··· DATASET EXTRACT ···

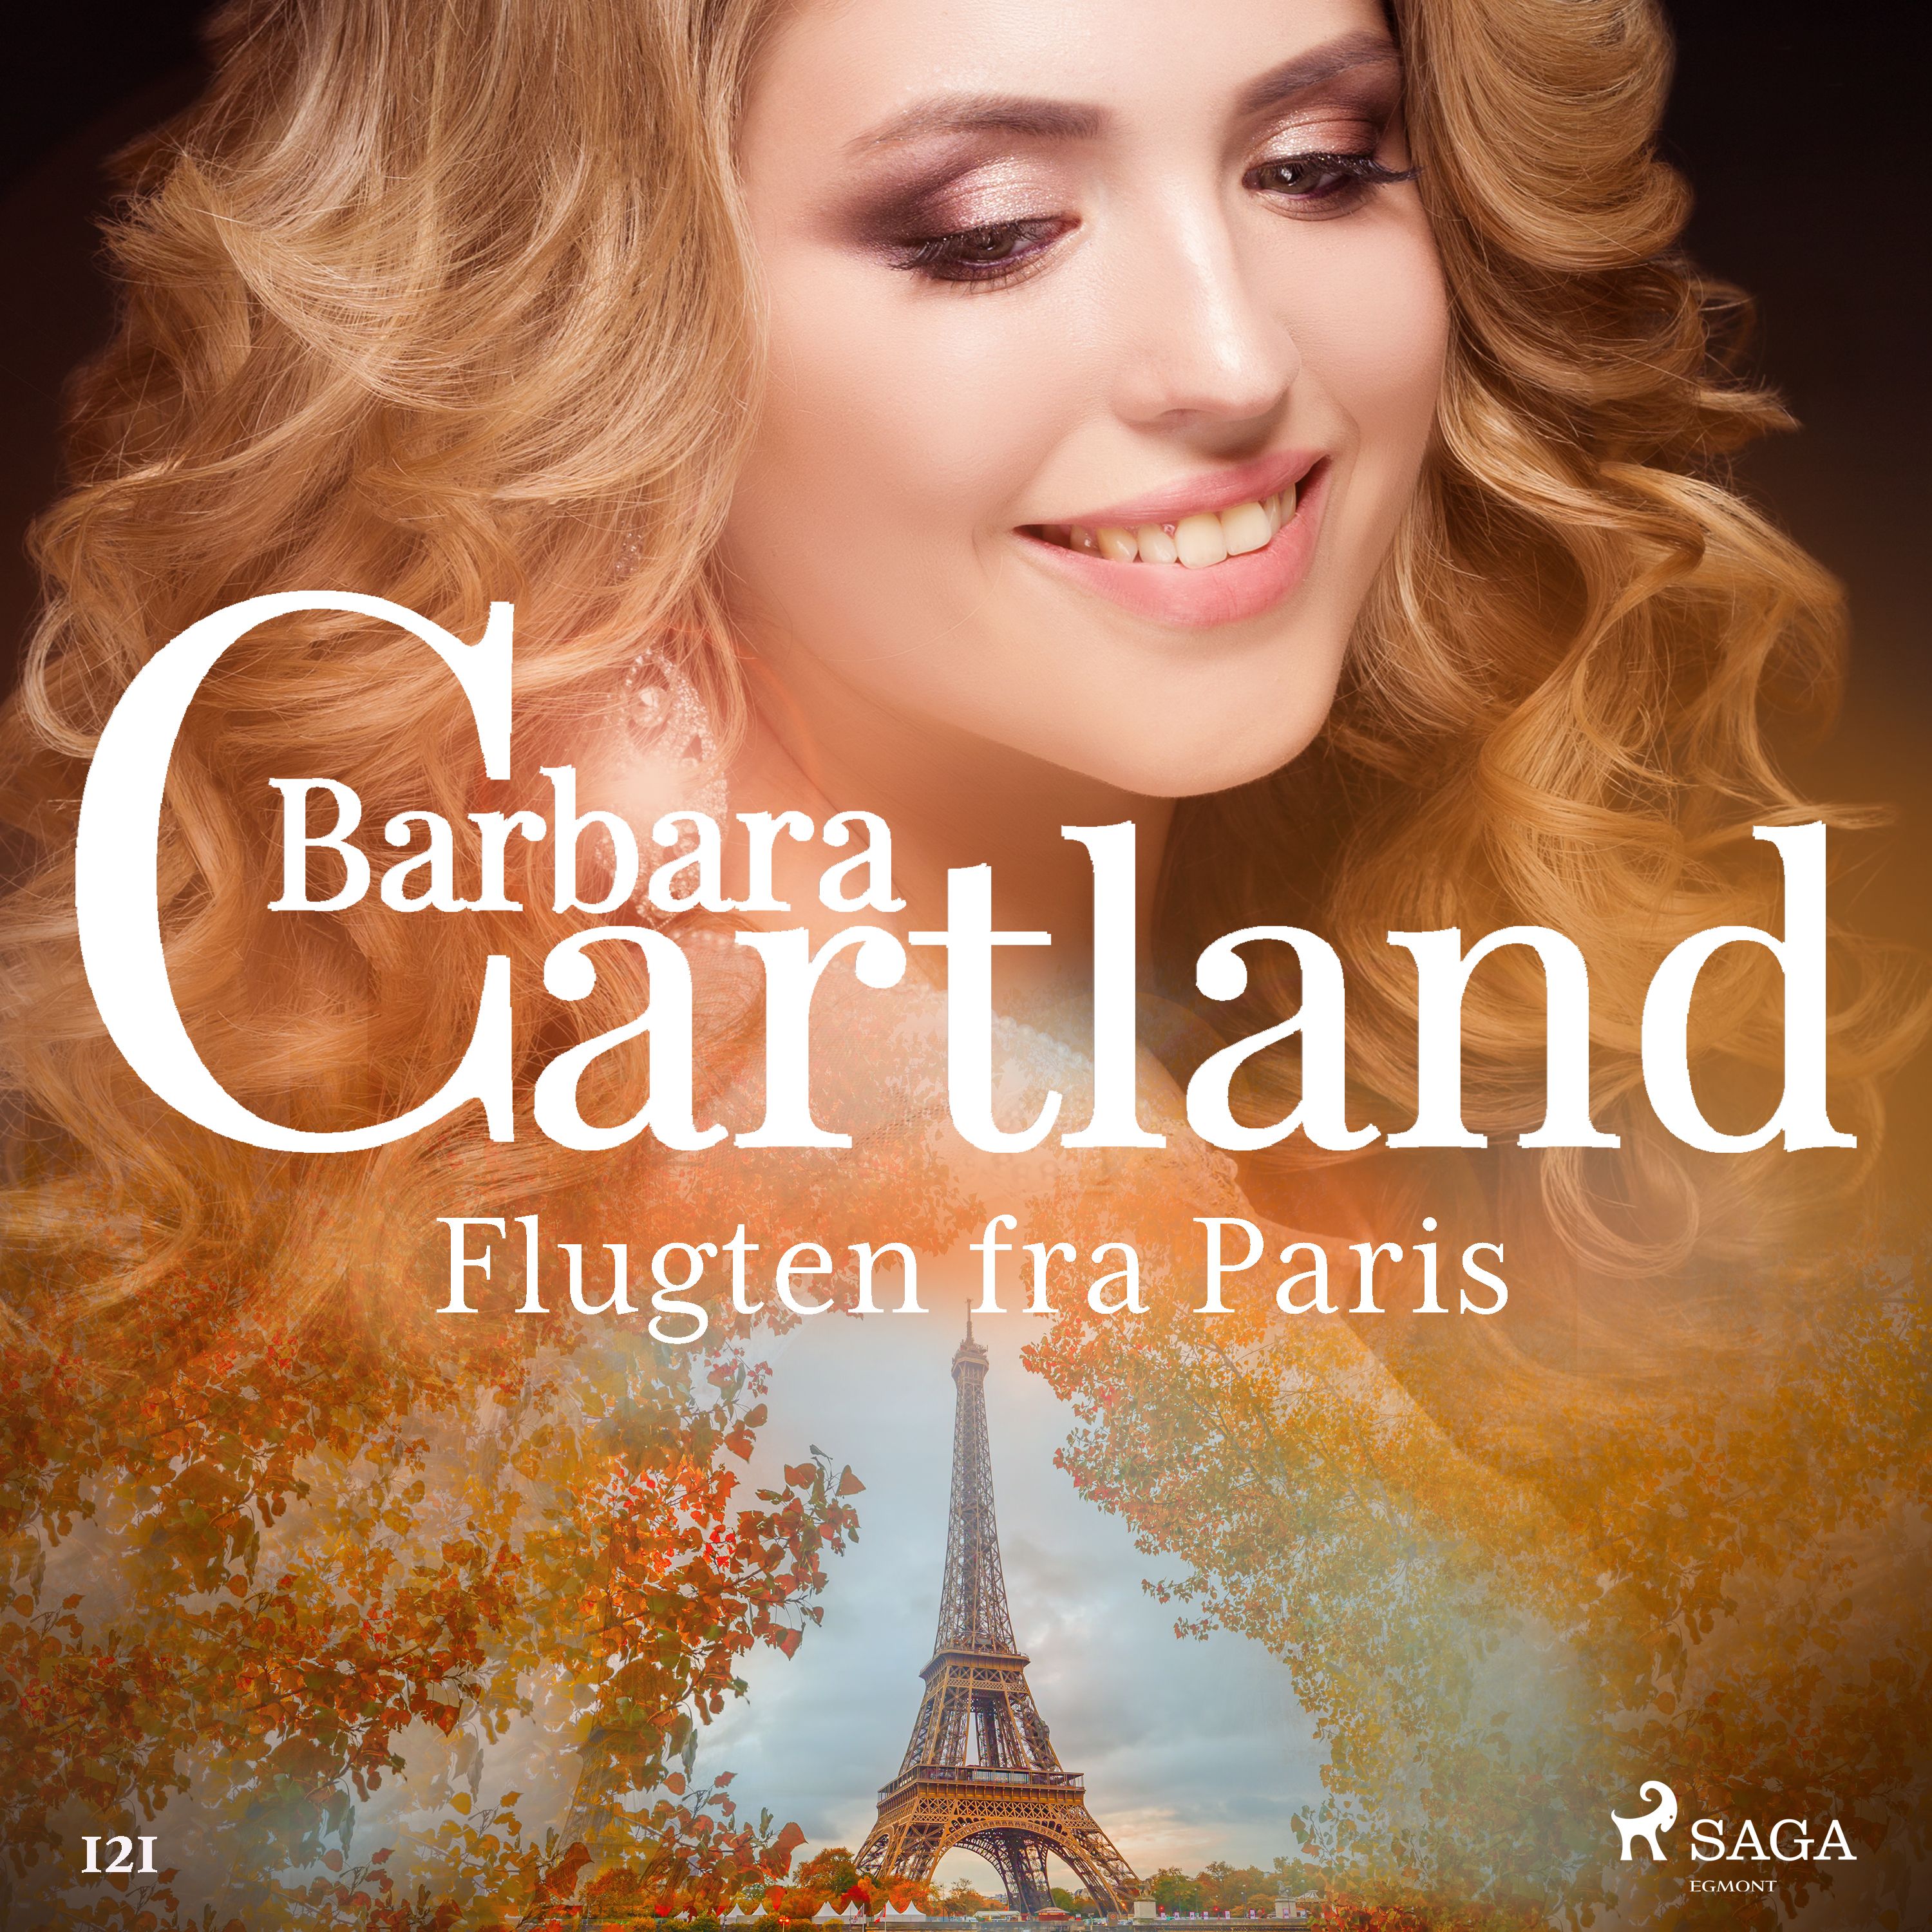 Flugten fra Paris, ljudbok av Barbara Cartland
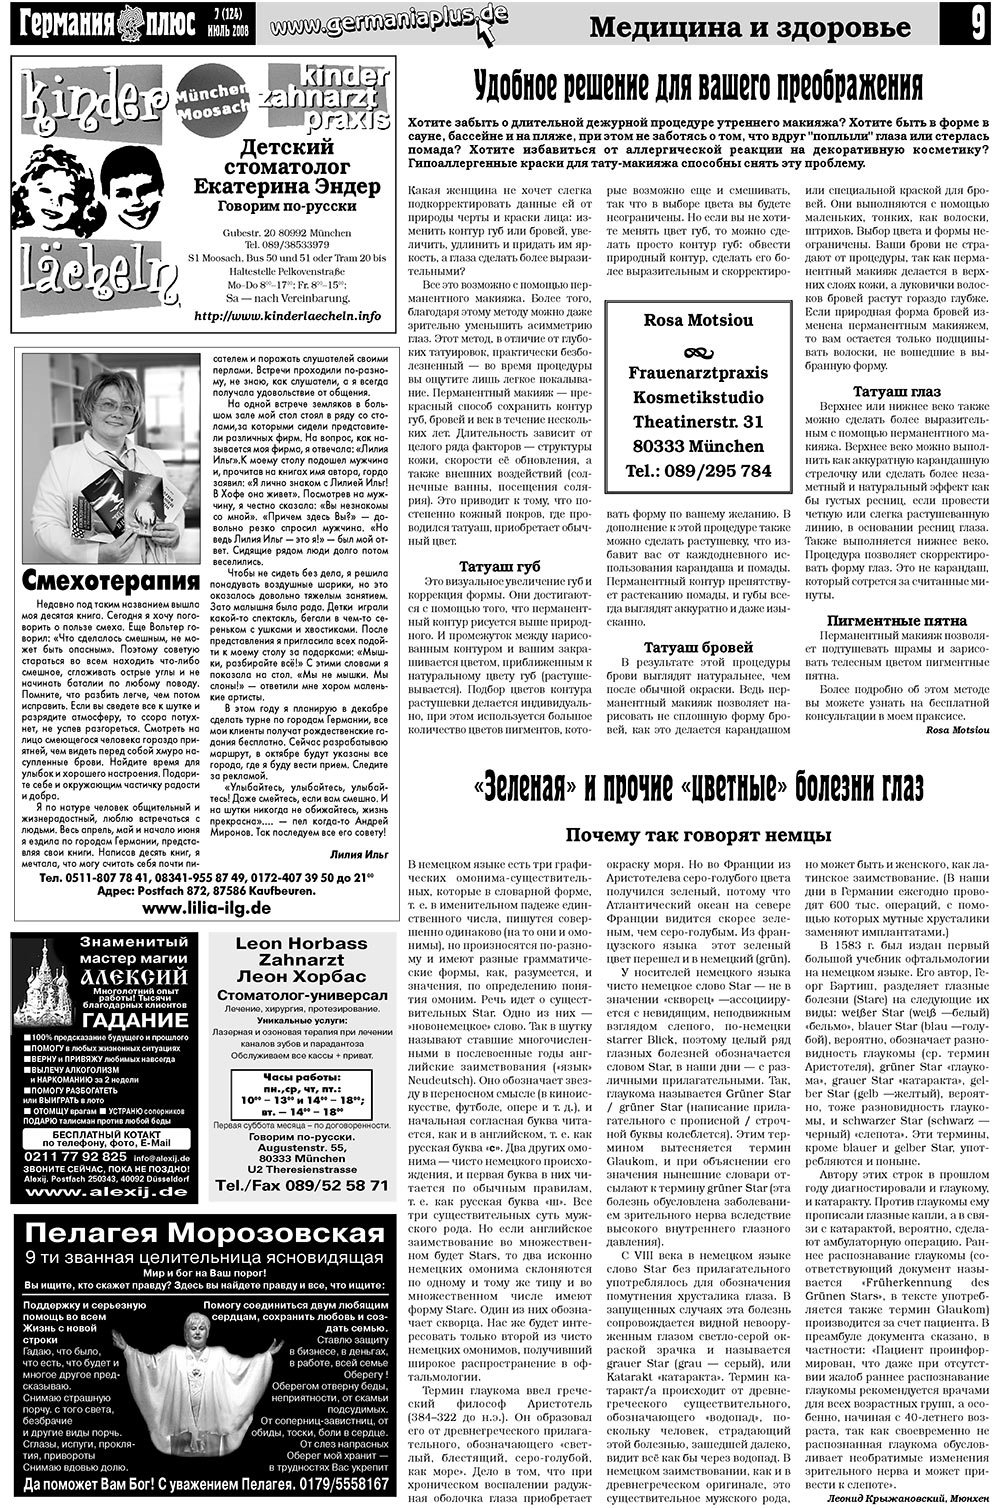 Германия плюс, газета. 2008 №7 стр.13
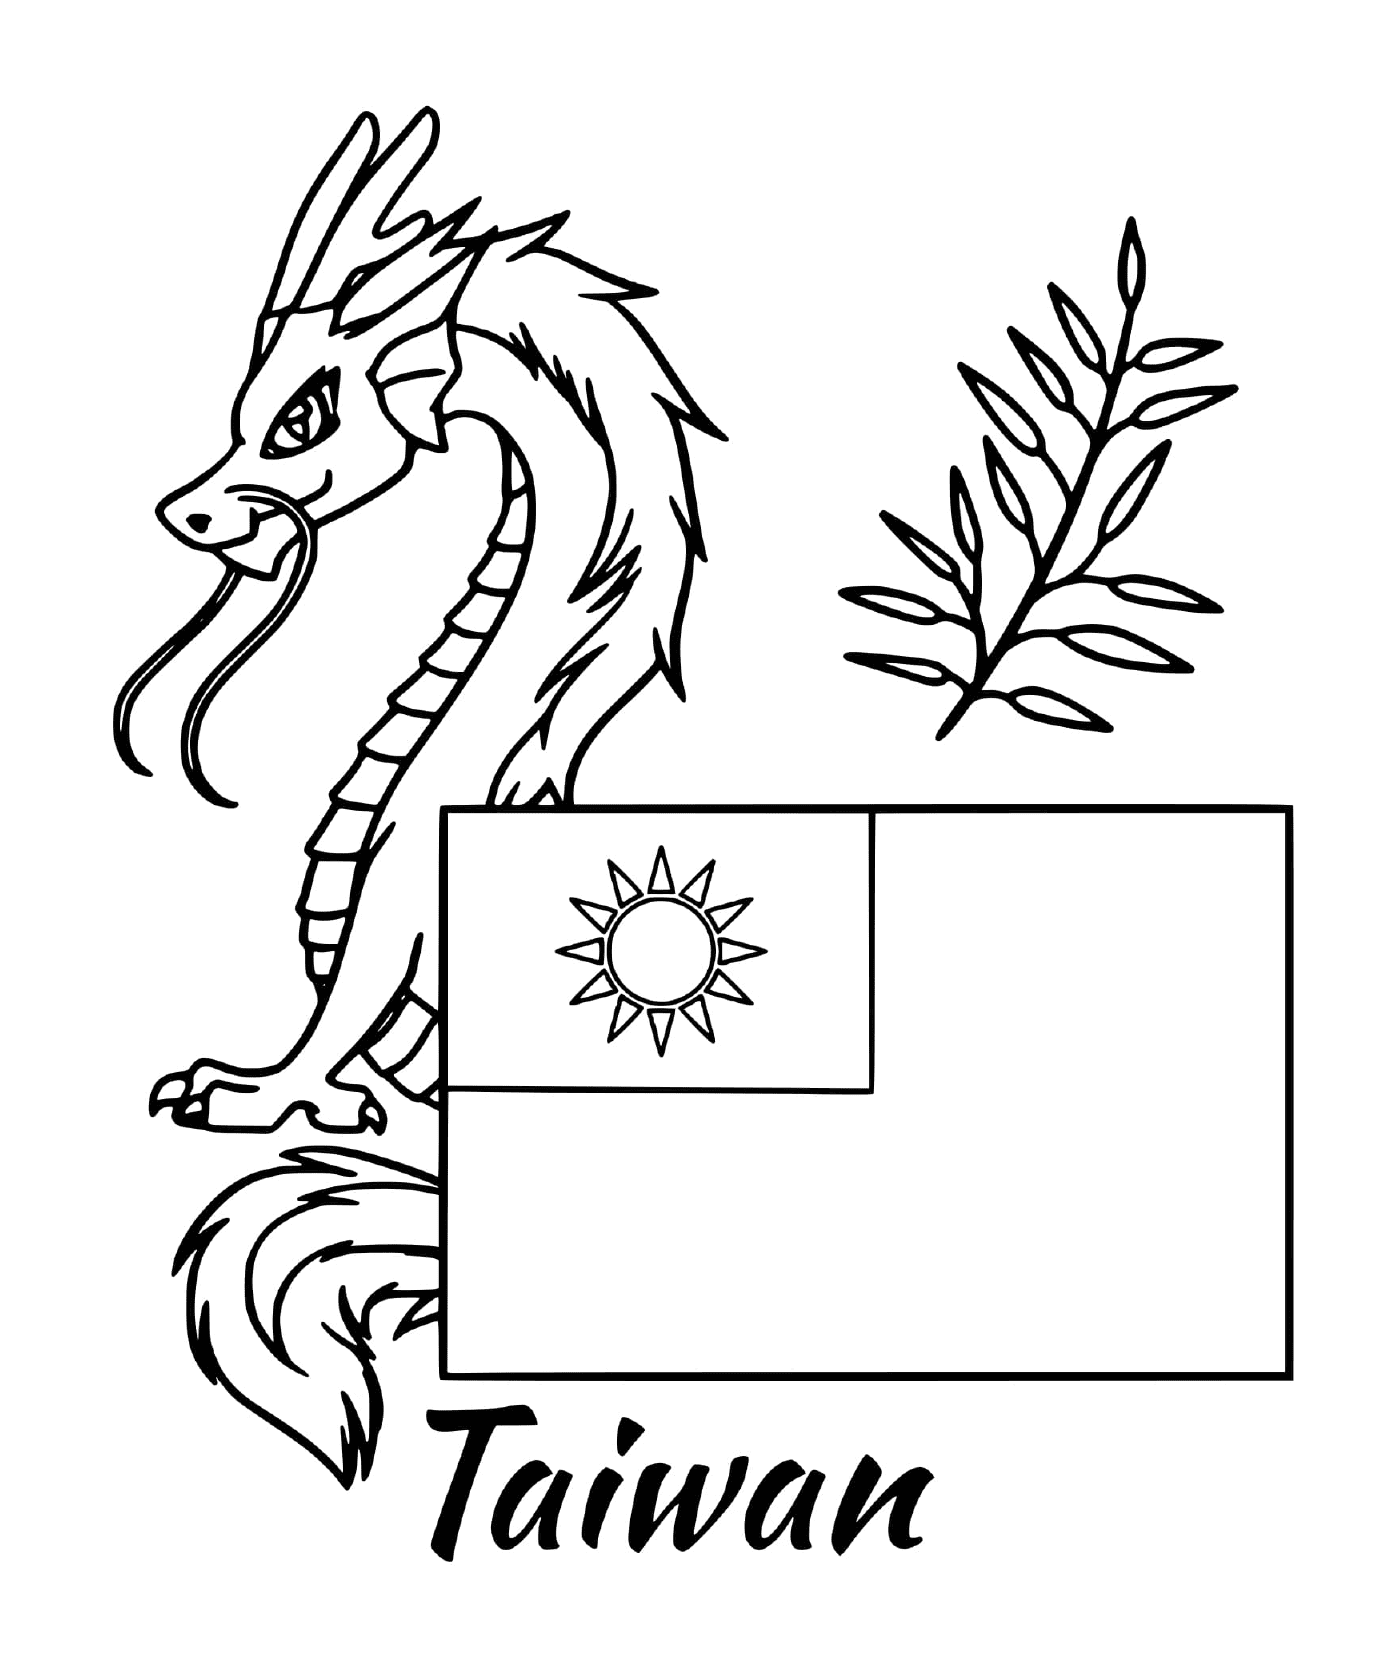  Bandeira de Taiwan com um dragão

···

TASK | Retype the whole listing exactly and leave the pictures out.

RESULT OF THE EXERCISE |
 Flugten fra Paris, ljudbok av Barbara Cartland
 Германия плюс, газета. 2008 №7 стр.13
  Bandeira de Taiwan com um dragão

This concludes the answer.